Every CPG boardroom hears the same phrase: “We’re experimenting with AI.”
Pilots for demand forecasting, trade promotions, or retail analytics are everywhere but most remain isolated. The difference between AI as an experiment and AI in action comes down to four levers: Security, Affordability, Scalability, and Reality Alignment.

Security: Why It Matters.

Scaling AI in CPG requires integrating live operational data—distributor margins, retailer-level sales, trade spends, inventory, and consumer behavior—across ERP, POS, CRM, and cloud systems. This complexity makes security critical, with breaches possible at multiple points:

  • Cloud Exposure: Misconfigured access or weak encryption on third-party cloud platforms can leak sensitive pricing or trade data.

  • Shadow AI: Employees using unapproved AI tools or publicly hosted LLMs (like ChatGPT) can inadvertently expose confidential business data.

  • Raw Data Sharing: Providing raw, sensitive information directly to LLMs (for example, “Here is the financial report, summarize it”) risks the data being processed or stored outside secure enterprise boundaries.

  • Integration Risks: Connecting AI to legacy systems increases the attack surface; one weak link can compromise the entire pipeline.

  • Regulatory Compliance: India’s data privacy laws and global frameworks like GDPR make improper data handling both a legal and reputational risk.

Affordability: How AI becomes Expensive.

AI pilots often seem inexpensive, just a few licenses, a small dataset, and some cloud credits but enterprise-scale deployment is far costlier due to:

  • Infrastructure: Running real-time AI across millions of stores, distributors, and warehouses demands heavy cloud storage and compute power.
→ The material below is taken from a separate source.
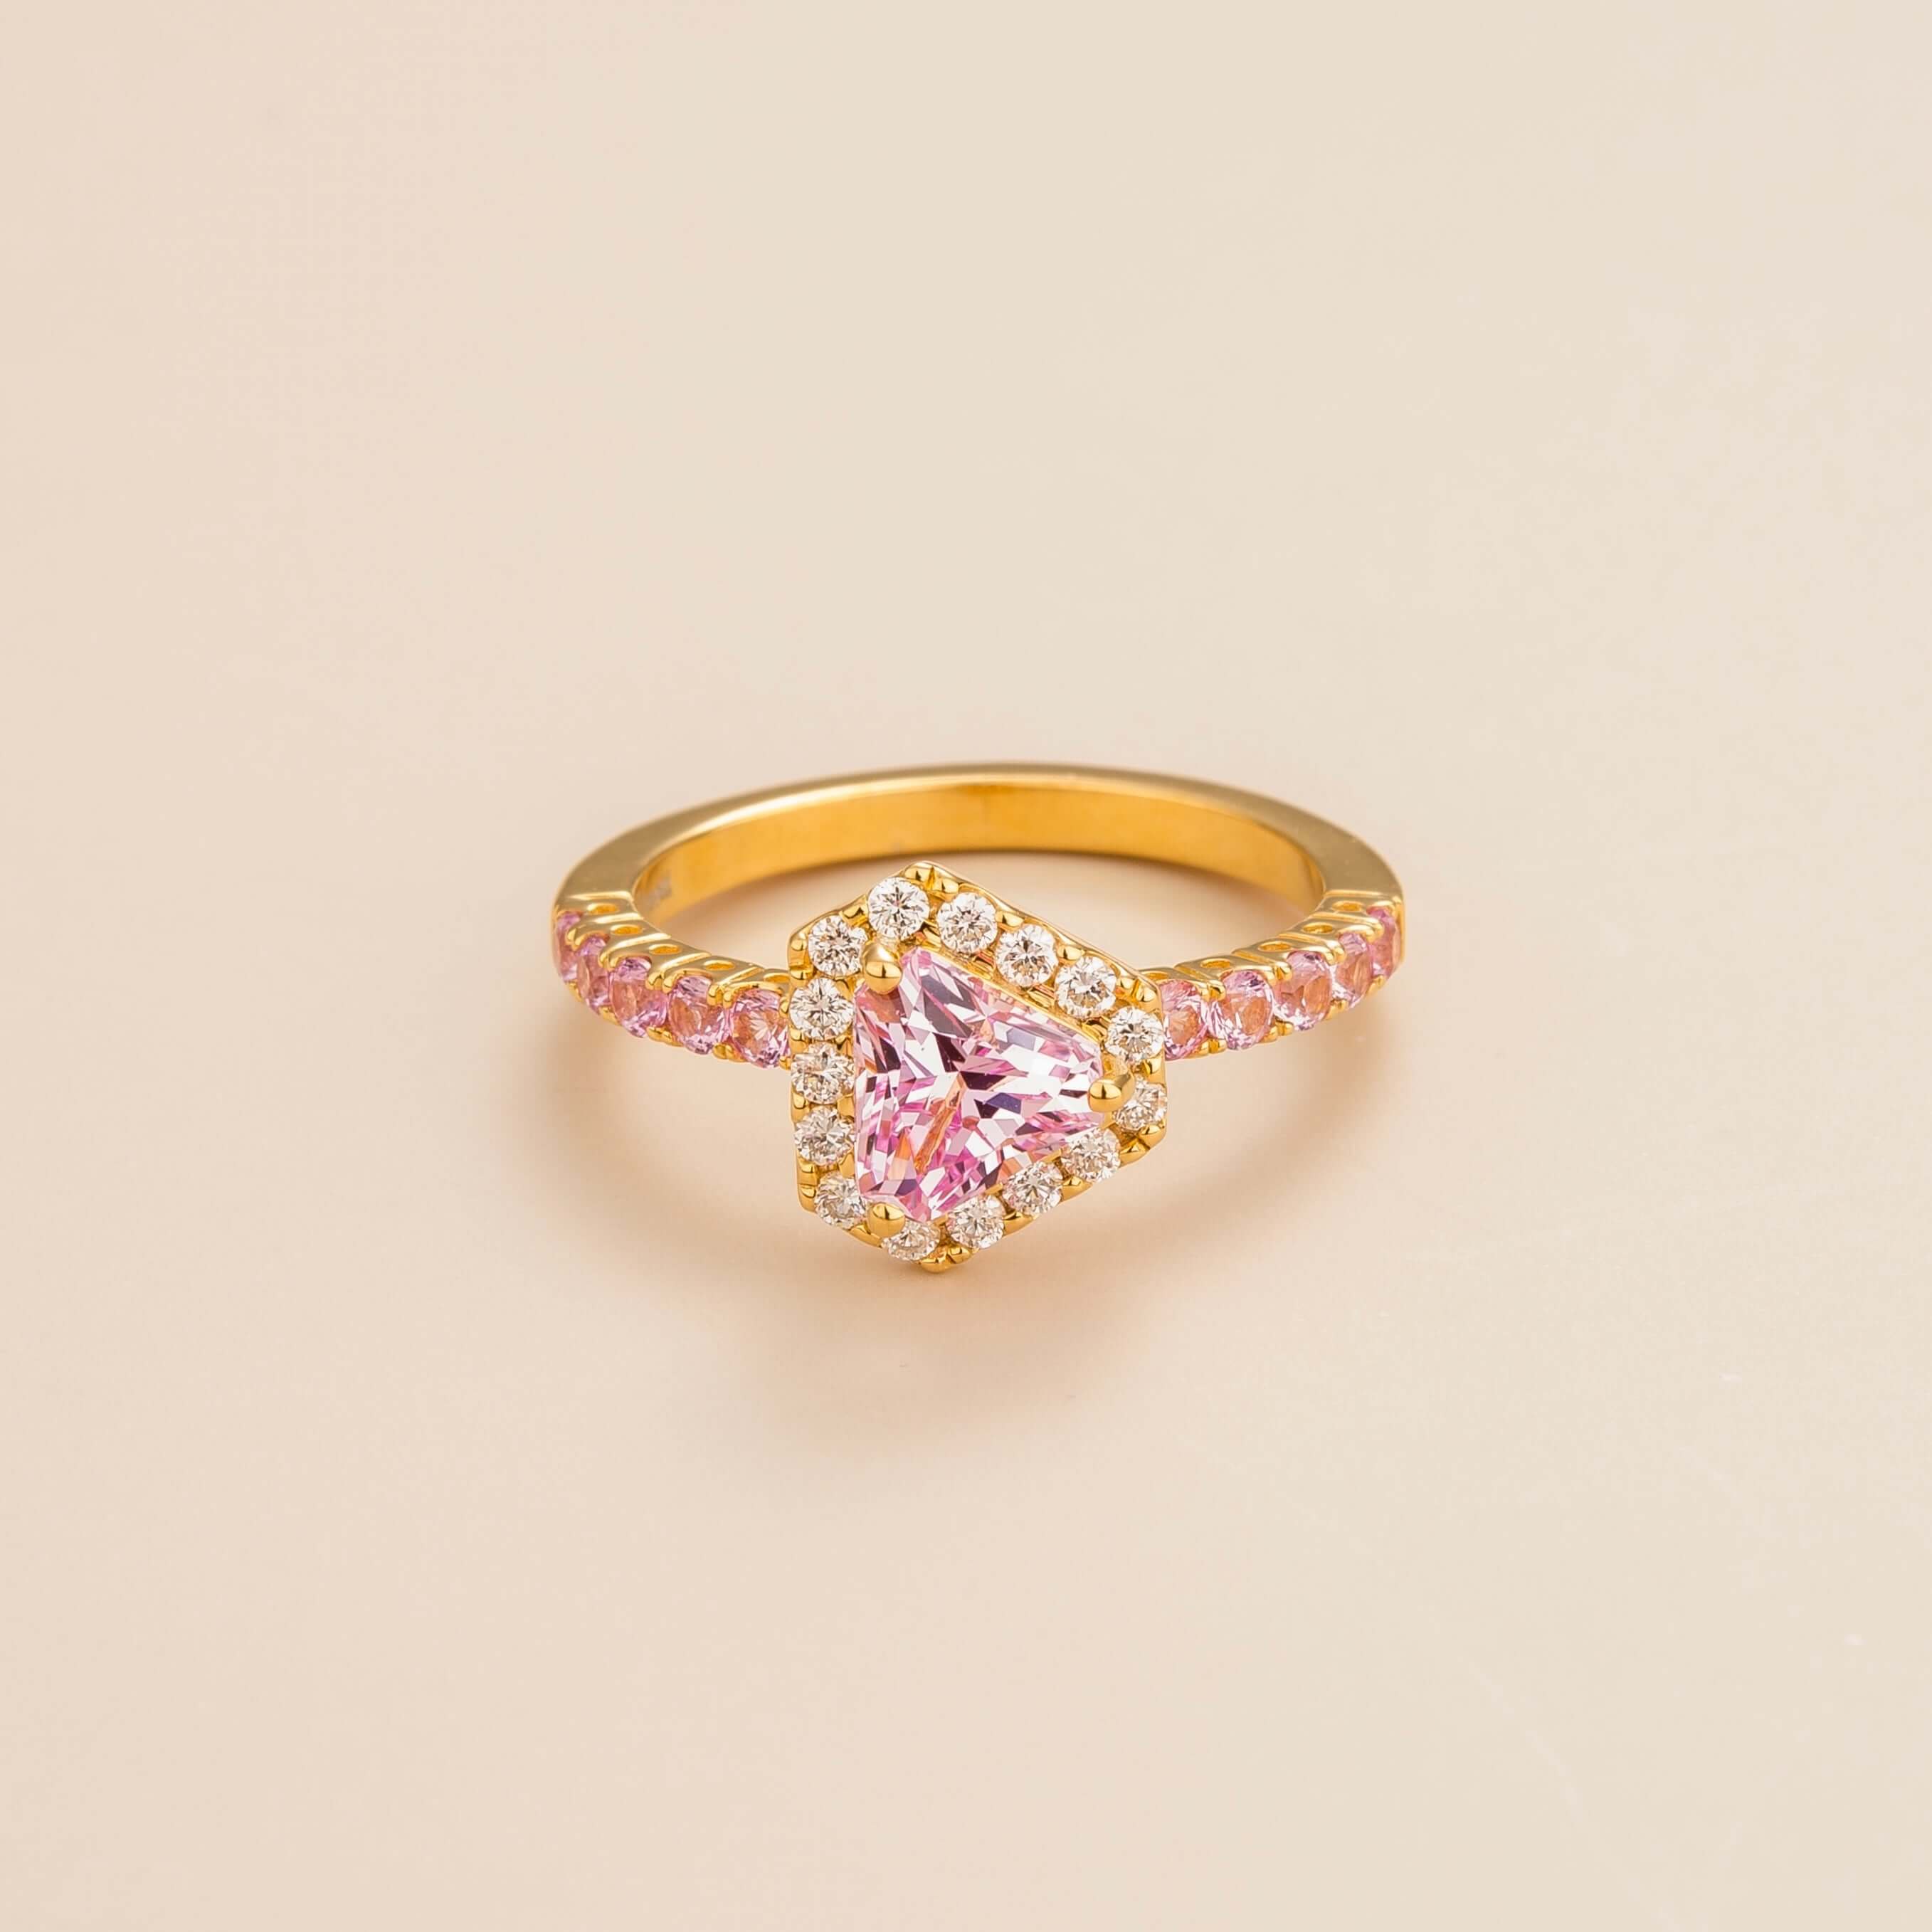 Diana ring in 18K gold vermeil set with lab grown diamond and triangle pink sapphire gem stones.

IDC reports that 40% of operational AI costs are infrastructure-related at scale.

  • Data Preparation: Messy CPG data (inconsistent retailer codes, fragmented POS data) requires extensive cleaning, often accounting for 60–70% of total project costs.

  • Model Maintenance: Seasonal trends, promotions, and shifting consumer behavior require continuous retraining and robust MLOps pipelines.

  • Integration & Change Management: Connecting ERP, CRM, POS, and distributor systems—especially legacy ones—adds hidden costs in training, governance, and workflow redesign.

Scalability: Why Scaling Is Tough.

Scaling AI in CPG isn’t just replicating a model; it means adapting it to operational complexity:

  • Data Diversity: Stores, distributors, and regions produce varying formats and missing fields, limiting model portability.

  • Operational Complexity: Millions of stores, thousands of SKUs, and intricate supply chains make real-time recommendations difficult to maintain.

  • Dynamic Markets: Promotions, seasonality, and consumer behavior change constantly, requiring continuous retraining.

  • Integration Challenges: ERP, CRM, POS, and distributor systems across both legacy and cloud platforms must connect seamlessly for AI to deliver impact.

Far from Reality: Why Most AI Misses the Mark.

Many organizations struggle to integrate AI into their workflows because the solutions they adopt don’t align with their operational realities.

Tools like ChatGPT are excellent for writing emails or answering general questions—but they do little to improve order-taking efficiency in FMCG or drive tangible value on the ground. Most Large Language Models (LLMs) are built for general-purpose intelligence—summarizing text, generating content, or engaging in dialogue.

They perform brilliantly in those contexts, but when placed in specialized domains such as manufacturing, supply chain optimization, or financial compliance, they often fall short. These areas demand domain-specific reasoning, contextual understanding, and high factual precision qualities that generic models typically lack.

Until AI aligns with on-ground realities, it will remain a boardroom experiment, not a business driver.

So, what’s the solution to move from the experiment stage to the action stage? At Bizom, we have developed a framework to overcome the above-mentioned challenges when it comes to scale.

Real Intelligence Framework: PRAGMATIC Solutions.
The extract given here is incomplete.